I think CM7 on the GB kernel has some undervolting tools that come with it.


----------



## Droidx0351 (Jun 17, 2011)

You need to try Cm4Dx-Gb that runs on the official gingerbread kernal instead of the froyo kernal.

Sent from my DROIDX using Tapatalk


----------



## lancasterv3 (Jun 13, 2011)

Sadley the dx can't have custom kernel's, due to the locked bootloader. Is the dx running the unofficial build made by revnumber? If not you should try that because the unofficial nighlies have incorporated the gingerbread kernel which yields better battery life and less drain. If you are on the official cm4dx you are on the froyo kernel which has significant battery drain. If your wife is looking for something with great battery try mobile sensai's shuji 2.2. It is not a 2nd init rom but the battery life is amazing. He also has some great 2nd init roms that also boast great battery life.


----------



## AzJazz (Jun 10, 2011)

lancasterv3 said:


> Sadley the dx can't have custom kernel's, due to the locked bootloader. Is the dx running the unofficial build made by revnumber? If not you should try that because the unofficial nighlies have incorporated the gingerbread kernel which yields better battery life and less drain. If you are on the official cm4dx you are on the froyo kernel which has significant battery drain. If your wife is looking for something with great battery try mobile sensai's shuji 2.2. It is not a 2nd init rom but the battery life is amazing. He also has some great 2nd init roms that also boast great battery life.

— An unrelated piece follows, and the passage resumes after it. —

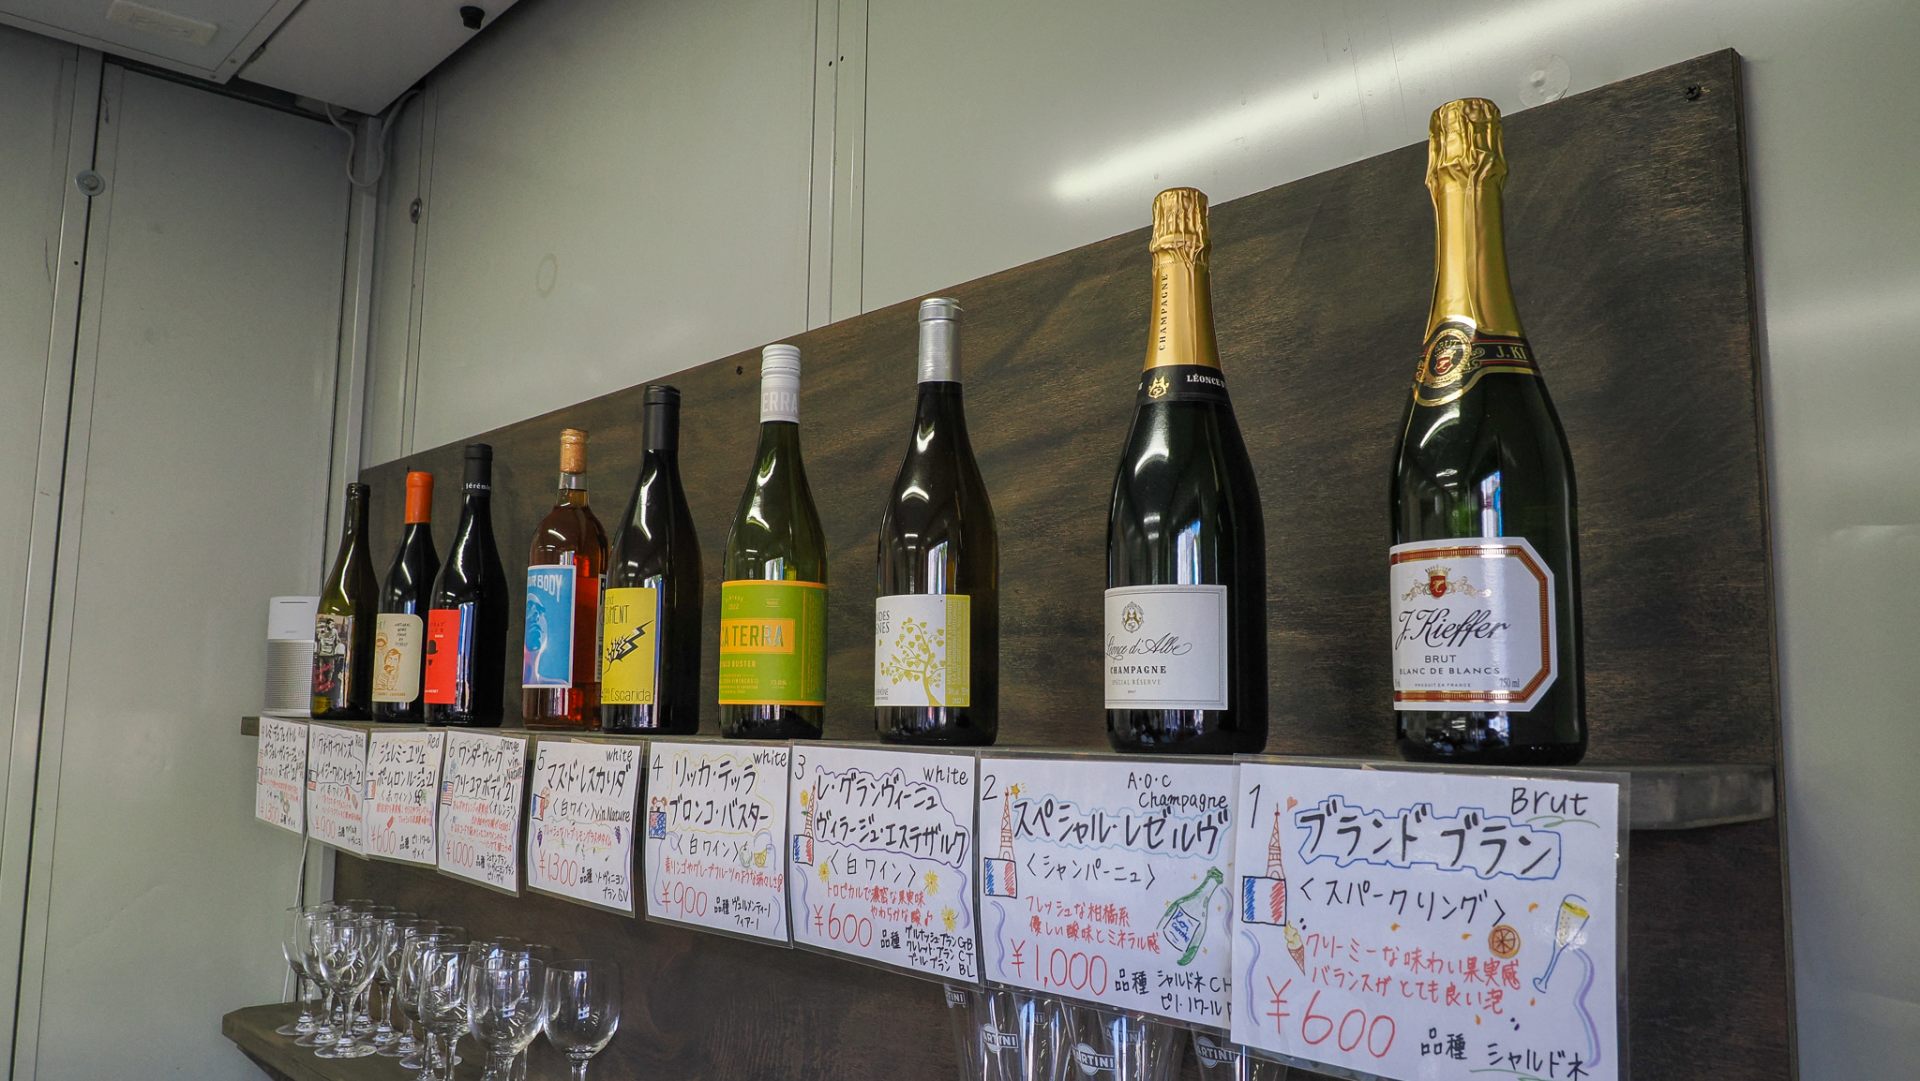 Wine lineup of "TATEOKA TAKESHI", the Sapporo Chef's Kitchen of the days at the site "PRECIOUS TABLE" at Odorikoen 11-chome

Thanks for the suggestions, guys!

@lancasterv3 - I noticed that you are running revnumbers' ROM (I think 08-SEP is the latest version on his thread). How stable is it?

My wife is a little bit of a technophobe, and she doesn't handle any sort of flakiness with her phone very well. (Let's just say that when anything odd happens, I'll hear about it that night). CM7 has been better for her than the official Moto build. Would I be relatively safe installing the latest version of revnumber's ROM, or is it still "very beta"? The "don't flash this unless you can help fix the bugs" comment has me a little concerned.


----------



## lancasterv3 (Jun 13, 2011)

AzJazz said:


> Thanks for the suggestions, guys!
> 
> @lancasterv3 - I noticed that you are running revnumbers' ROM (I think 08-SEP is the latest version on his thread). How stable is it?
> 
> My wife is a little bit of a technophobe, and she doesn't handle any sort of flakiness with her phone very well. (Let's just say that when anything odd happens, I'll hear about it that night). CM7 has been better for her than the official Moto build. Would I be relatively safe installing the latest version of revnumber's ROM, or is it still "very beta"? The "don't flash this unless you can help fix the bugs" comment has me a little concerned.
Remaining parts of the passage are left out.